We need patience! Satan wants to destroy us! Today he is continuously broadcasting the same spirit that he broadcasted to the sons of thunder in Samaria: impatience!

How many of our problems are caused by impatience? How often do we become impatient with other people, causing pain or hard feelings? Perhaps we are too preoccupied or worried about our own things to think about the needs of others, and when they come to us we are short with them. Then they become offended, and the spiritual Family hurts. How often are we impatient with our financial situation, allowing impatience to sink us in debt? Fornication: Doesn’t this come from haste? Lying: Isn’t this often linked to impulsiveness? Stealing, coveting, taking God’s name in vain: Aren’t all these sins brought on by Satan’s spirit of impatience? Doesn’t impatience make us lose faith in God to answer our prayers or to heal us?

This society has become saturated with Satan’s spirit of impatience—instant gratification. Don’t allow Satan’s society to manipulate you. If the salesman says, “It’s only good at this price for today,” then back off, seek counsel and pray about it. Don’t let others pressure you into making hasty decisions; don’t allow their haste to place you in a difficult situation. And don’t allow Satan to pressure you into being impatient with others, yourself or God.

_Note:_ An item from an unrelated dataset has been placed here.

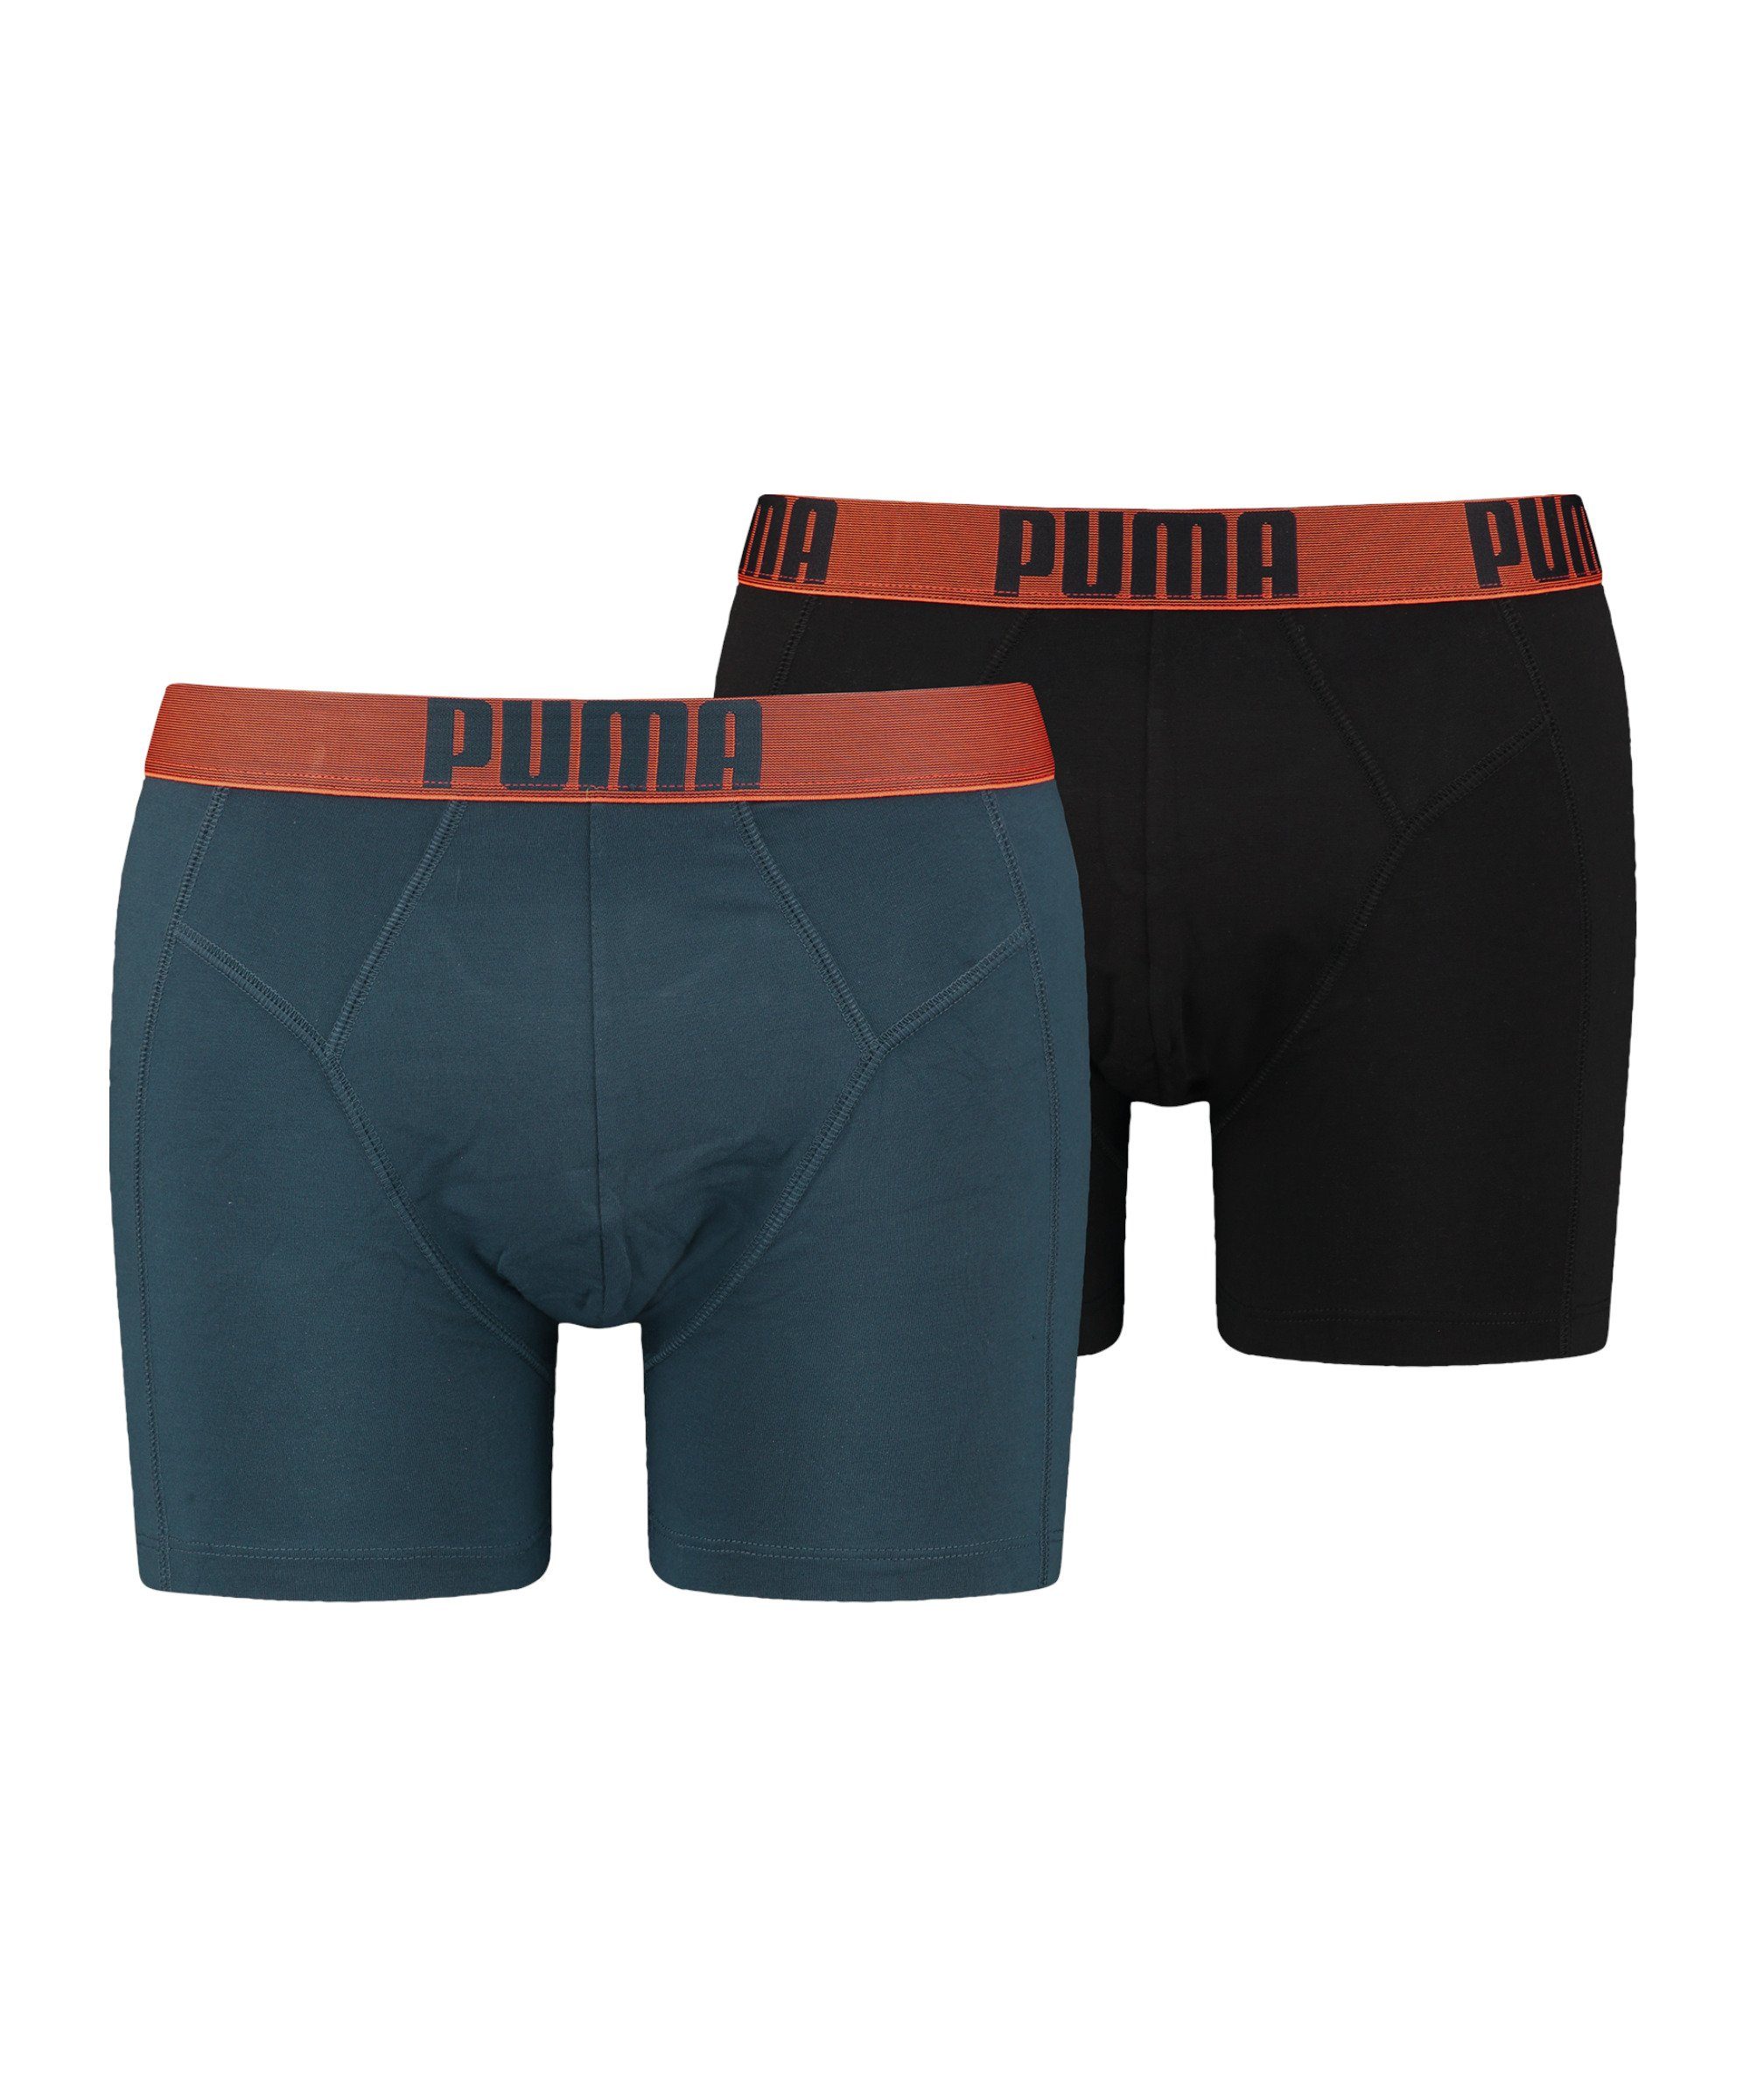 PUMA Boxershorts New Pouch Boxer 2er Pack default

If you impulsively decide in favor of immediate gratification, fun, excitement, ownership, or whatever it might be, you might receive a lifetime of misery, hopelessness, destruction and pain.

Evaluate some of the quagmires and troubles you may be in. Think of some of the situations in your life right now that you may wish you were free of. How many can you trace back simply to your impatience?

We need patience! Longsuffering is one of the fruits of the Spirit listed in Galatians 5. One of the definitions of longsuffering is patience. Notice that word: long suffering. Suffering means to endure distress or sustain damage. Sometimes patience means more than just waiting. It can mean “to wait or to endure for a lengthy time in distress or in damage.”

Jesus Christ has been waiting for nearly 2,000 years to begin ruling this world. In one sense, hasn’t He been waiting in distress as He sees mankind suffer continually under the deception and rule of Satan? Who is more anxious for God’s Kingdom, Jesus Christ or mankind? Jesus Christ is, of course. Yet He is patient.

Think of how longsuffering the Father and the Son are with you and me! Don’t we make mistakes and sin over and over—sometimes the same sin? Don’t we absolutely rely on God’s merciful, longsuffering patience?

We need God’s patience! We need to allow our Savior to live in us. We need to beseech God for more of His Holy Spirit in order to apply the fruits of the Spirit in our lives, including longsuffering. Proverbs 16:32 tells us, “He that is slow to anger is better than the mighty; and he that ruleth his spirit than he that taketh a city.”

All too often, we see the immediate choice as the appealing one that looks mighty pleasurable—even irresistible. We don’t reason with God, we just do it. When you study God’s Word, notice how often tragic results have come from rash, impulsive, impatient decisions. God loves those who can govern their spirit. We will find ourselves in some trying situations at times. Will we skip impatiently to a carnal reaction? Or will we have the patience of Jesus Christ living in us?

Without the consent of Jesus, the sons of thunder did not have the power to bring fire down from heaven. But what if they had? Soon, they will have that power. And so will we. God wants to make sure that we will use it properly. That is why Jesus rebuked James and John sharply: to purge out that spirit of impatience that we all have. Patience is a characteristic a God must have, and James and John are going to be Gods. We have that same opportunity! So let’s grow in patience.